I've always used Aperture, and it will continue to work for me for the foreseeable future. For me, I'm not making any hasty decisions. I want to see exactly what the new Photos app can do before I switch to anything new. I am guardedly encouraged because the latest info on Photos is that it will include pro features and 3rd party plugin capability. We will see.....

Likewise here:

I own both Aperture and LR, but I greatly prefer Aperture. I use them in conjunction with CS6 & Nik.

If photos becomes a total bust... then of course I will migrate to LR. I'll lose my non-destructive image edits... but for me, that is a very small loss since most of my selects have been round-tripped to Nik (or CS6), and hence have new masters with all the destructive edits baked in.

I have much more investment (100X) in organization, key wording, etc... and all of that should be transferable to LR or whatever DAM I end up with.

My hope is that Photos becomes a really great program within the timeframe that I need to move from Aperture. That is at least 18 months from now given Apples announcement.

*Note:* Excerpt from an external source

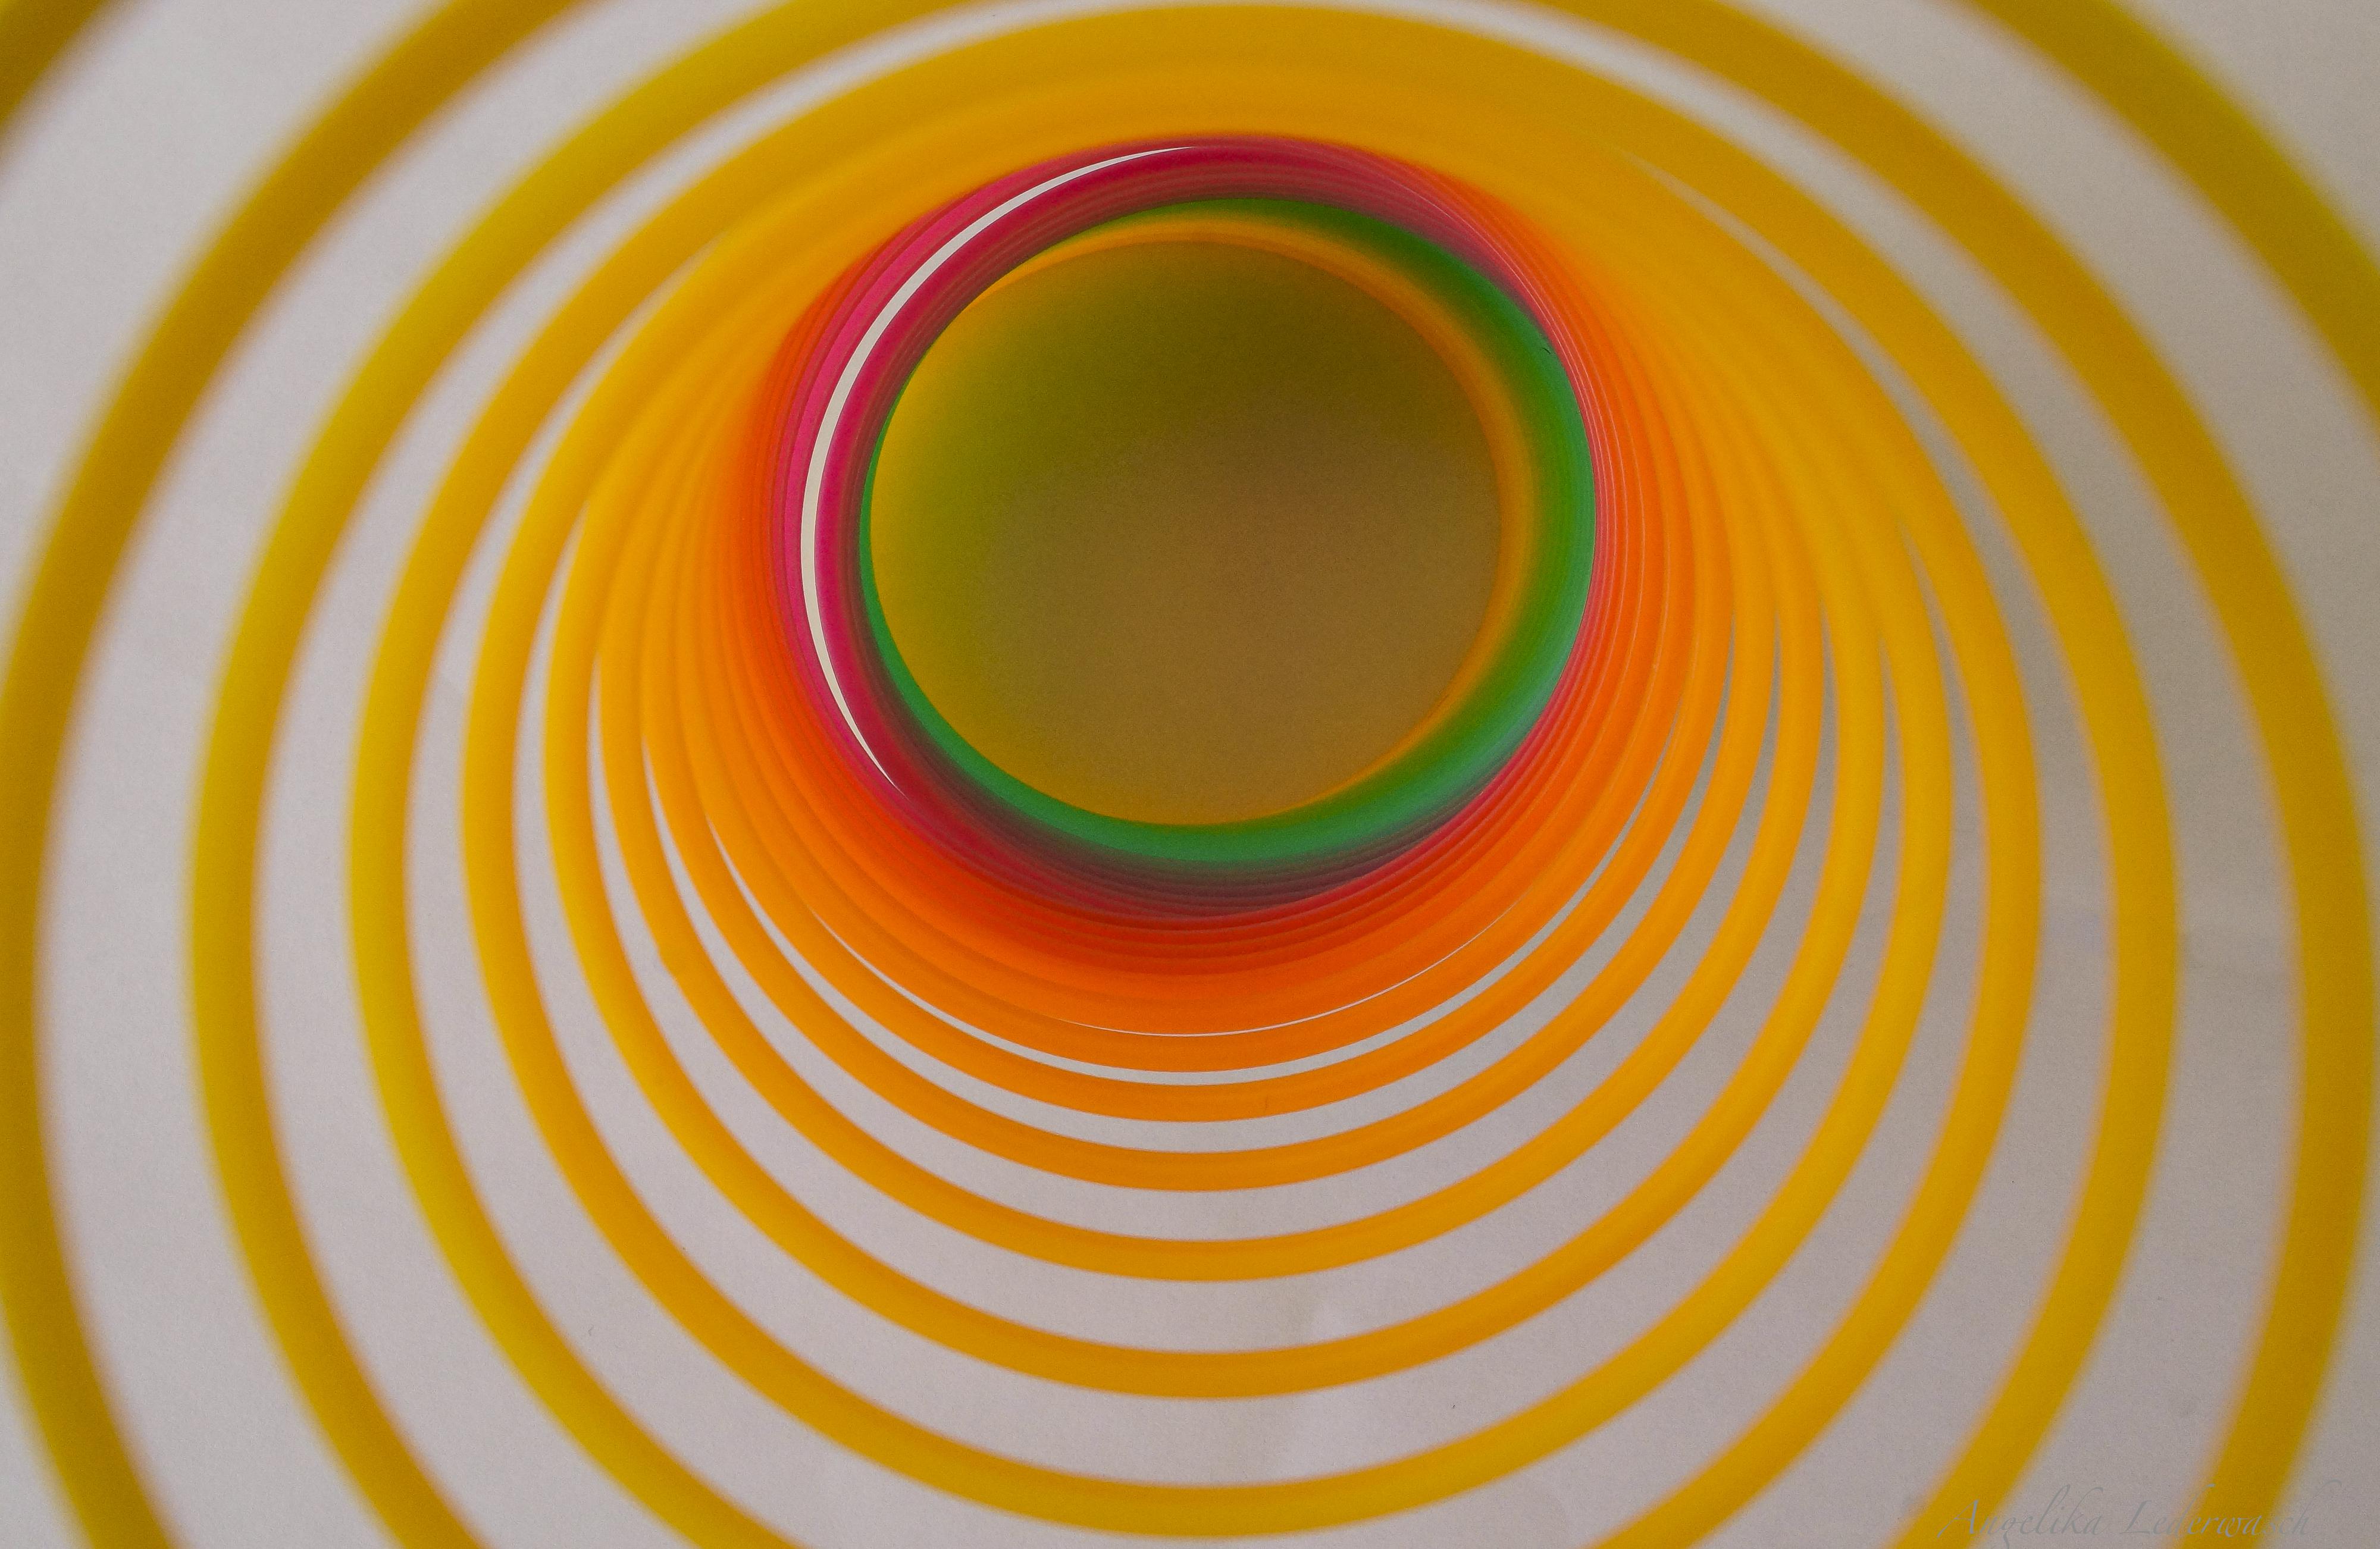 Regenbogenspiral-Tunnel

So... bottom line: My ideal situation will be that Photos does everything I need and also does new things that no existing DAM provides. If so, my transition is trivial and I have benefited by this change in Apple's direction. However, if not, then I will switch to LR when necessary... and the transition complexity will be no harder 18 months from now than it is today. So... for now, I just wait and continue to enjoy Aperture.

/Jim
 
If you like the program you have.

If you like the program you have and it works for you and you don't need or want new fetchers. Dose it matter if it's not continually changing? I do all my work on a 2006 macbook pro with Aperture 2. It works well for me and dose what I want it to do. The only resion I will ever need/want to change is if my macbook fails and I have to get a new computer and if that computers is a Apple then I may not be able to downgrade to OS/X 10.6 and Aperture 2 and that will be a problem.

The only other problem that will happen is when Apple stop providing there print products for Aperture. I might have to export my photos on the old machine and import them onto the next machine to get them into a printed book. Apples printed photo books are grate.